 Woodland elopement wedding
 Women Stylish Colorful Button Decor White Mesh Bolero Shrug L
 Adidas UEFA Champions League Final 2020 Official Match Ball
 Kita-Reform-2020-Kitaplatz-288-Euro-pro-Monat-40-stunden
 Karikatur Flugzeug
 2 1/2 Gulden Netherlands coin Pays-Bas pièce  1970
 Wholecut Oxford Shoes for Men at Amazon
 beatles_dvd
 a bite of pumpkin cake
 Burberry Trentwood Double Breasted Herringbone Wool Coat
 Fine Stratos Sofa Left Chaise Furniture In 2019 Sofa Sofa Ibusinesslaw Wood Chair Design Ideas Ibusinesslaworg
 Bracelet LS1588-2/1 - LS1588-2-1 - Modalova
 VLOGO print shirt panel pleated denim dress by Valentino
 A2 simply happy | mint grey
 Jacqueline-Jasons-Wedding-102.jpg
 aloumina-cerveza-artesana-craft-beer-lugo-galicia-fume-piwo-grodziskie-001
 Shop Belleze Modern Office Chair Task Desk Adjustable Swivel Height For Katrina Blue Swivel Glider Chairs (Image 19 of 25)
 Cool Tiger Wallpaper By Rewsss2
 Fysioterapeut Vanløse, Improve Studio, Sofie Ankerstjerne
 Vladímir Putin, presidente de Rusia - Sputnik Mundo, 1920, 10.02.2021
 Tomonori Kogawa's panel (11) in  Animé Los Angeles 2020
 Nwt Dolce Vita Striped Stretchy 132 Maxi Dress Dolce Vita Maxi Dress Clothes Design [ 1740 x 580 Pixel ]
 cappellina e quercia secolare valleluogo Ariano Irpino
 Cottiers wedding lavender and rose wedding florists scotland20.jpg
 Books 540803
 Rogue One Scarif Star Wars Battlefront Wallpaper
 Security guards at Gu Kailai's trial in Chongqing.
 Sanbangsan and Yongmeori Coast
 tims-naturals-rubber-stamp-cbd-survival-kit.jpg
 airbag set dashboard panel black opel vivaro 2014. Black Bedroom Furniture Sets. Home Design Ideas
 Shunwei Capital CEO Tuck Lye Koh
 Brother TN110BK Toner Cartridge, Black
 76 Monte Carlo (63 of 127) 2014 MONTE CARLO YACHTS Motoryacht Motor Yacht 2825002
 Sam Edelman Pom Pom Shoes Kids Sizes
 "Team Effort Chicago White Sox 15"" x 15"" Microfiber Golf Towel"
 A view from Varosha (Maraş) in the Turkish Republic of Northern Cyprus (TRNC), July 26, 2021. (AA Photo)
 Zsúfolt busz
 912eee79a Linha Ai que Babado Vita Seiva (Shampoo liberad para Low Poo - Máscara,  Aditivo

________

## WHAT YOU HAVE TO DO
Could you reproduce all the records exactly?

## SOLUTION
 Woodland elopement wedding
 Women Stylish Colorful Button Decor White Mesh Bolero Shrug L
 Adidas UEFA Champions League Final 2020 Official Match Ball
 Kita-Reform-2020-Kitaplatz-288-Euro-pro-Monat-40-stunden
 Karikatur Flugzeug
 2 1/2 Gulden Netherlands coin Pays-Bas pièce  1970
 Wholecut Oxford Shoes for Men at Amazon
 beatles_dvd
 a bite of pumpkin cake
 Burberry Trentwood Double Breasted Herringbone Wool Coat
 Fine Stratos Sofa Left Chaise Furniture In 2019 Sofa Sofa Ibusinesslaw Wood Chair Design Ideas Ibusinesslaworg
 Bracelet LS1588-2/1 - LS1588-2-1 - Modalova
 VLOGO print shirt panel pleated denim dress by Valentino
 A2 simply happy | mint grey
 Jacqueline-Jasons-Wedding-102.jpg
 aloumina-cerveza-artesana-craft-beer-lugo-galicia-fume-piwo-grodziskie-001
 Shop Belleze Modern Office Chair Task Desk Adjustable Swivel Height For Katrina Blue Swivel Glider Chairs (Image 19 of 25)
 Cool Tiger Wallpaper By Rewsss2
 Fysioterapeut Vanløse, Improve Studio, Sofie Ankerstjerne
 Vladímir Putin, presidente de Rusia - Sputnik Mundo, 1920, 10.02.2021
 Tomonori Kogawa's panel (11) in  Animé Los Angeles 2020
 Nwt Dolce Vita Striped Stretchy 132 Maxi Dress Dolce Vita Maxi Dress Clothes Design [ 1740 x 580 Pixel ]
 cappellina e quercia secolare valleluogo Ariano Irpino
 Cottiers wedding lavender and rose wedding florists scotland20.jpg
 Books 540803
 Rogue One Scarif Star Wars Battlefront Wallpaper
 Security guards at Gu Kailai's trial in Chongqing.
 Sanbangsan and Yongmeori Coast
 tims-naturals-rubber-stamp-cbd-survival-kit.jpg
 airbag set dashboard panel black opel vivaro 2014. Black Bedroom Furniture Sets. Home Design Ideas
 Shunwei Capital CEO Tuck Lye Koh
 Brother TN110BK Toner Cartridge, Black
 76 Monte Carlo (63 of 127) 2014 MONTE CARLO YACHTS Motoryacht Motor Yacht 2825002
 Sam Edelman Pom Pom Shoes Kids Sizes
 "Team Effort Chicago White Sox 15"" x 15"" Microfiber Golf Towel"
 A view from Varosha (Maraş) in the Turkish Republic of Northern Cyprus (TRNC), July 26, 2021. (AA Photo)
 Zsúfolt busz
 912eee79a Linha Ai que Babado Vita Seiva (Shampoo liberad para Low Poo - Máscara,  Aditivo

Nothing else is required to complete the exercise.